We built the tool we desperately wished we had. Now, we want you to have it.
- 🚀 Sign up for free at clawtrace.ai. You get 100 free credits to start, and your first trajectory will appear in minutes. See for yourself.
- ⭐ Star us on GitHub. ClawTrace is fully open source under Apache 2.0. We believe foundational infrastructure should be open.
- 💬 Tell us what you're building. Schedule a call with me. I want to hear about your OpenClaw setup, the problems you're facing, and how we can build the future of agentic infrastructure together.
The era of flying blind is over. It’s time to build.
FAQ: ClawTrace and Agent Observability
How does ClawTrace handle data privacy and security?
Your data security is paramount. The ClawTrace plugin communicates with our backend via TLS-encrypted gRPC. We are SOC 2 Type II compliant and offer options for on-premise deployment or deployment within your own VPC for enterprise customers, ensuring your sensitive prompt and completion data never leaves your control.

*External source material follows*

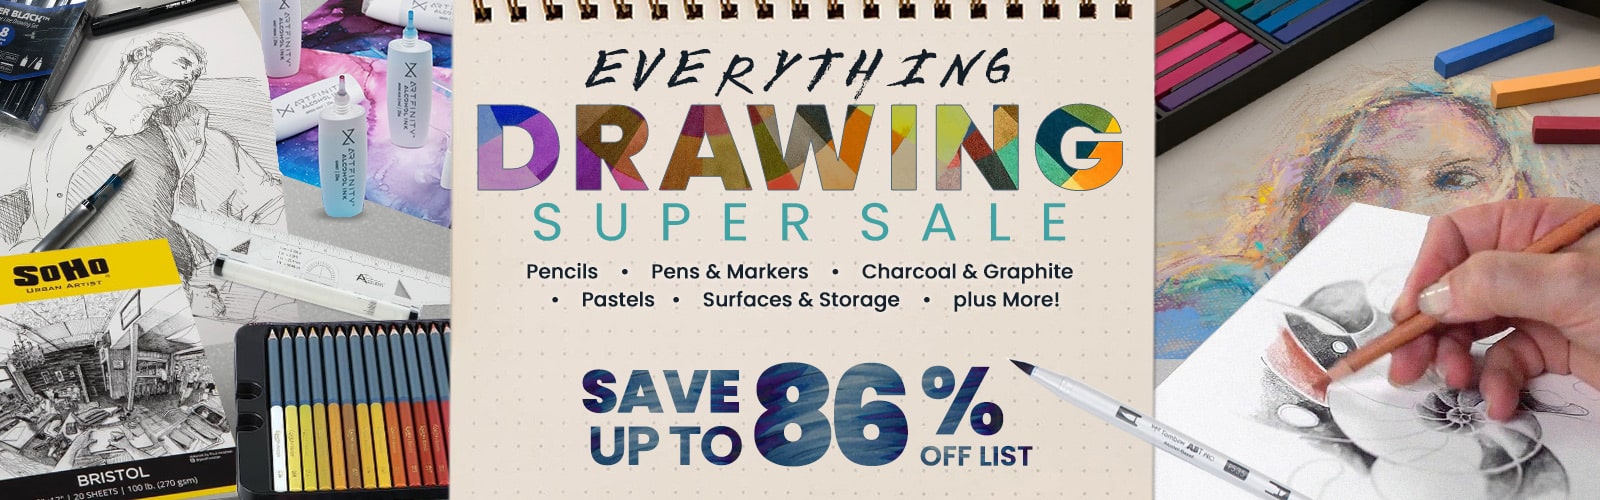 Everything DRAWING Super Sale - Up to 86% Off List Price

What is the performance overhead of the ClawTrace plugin?
Negligible. The plugin is designed for high-performance, asynchronous data streaming. It operates out-of-band from your agent's critical execution path, batching and sending trace data in the background. We’ve benchmarked the typical end-to-end latency overhead at less than 5ms per trace, making it safe for production workloads.
Does ClawTrace work with custom tools or models in my OpenClaw agent?
Yes, absolutely. ClawTrace automatically captures any function or class decorated as an OpenClaw Tool. For custom or fine-tuned models not in our database of 80+, you can easily add custom pricing rules in your project settings to ensure accurate cost tracking and analysis across your entire, unique stack.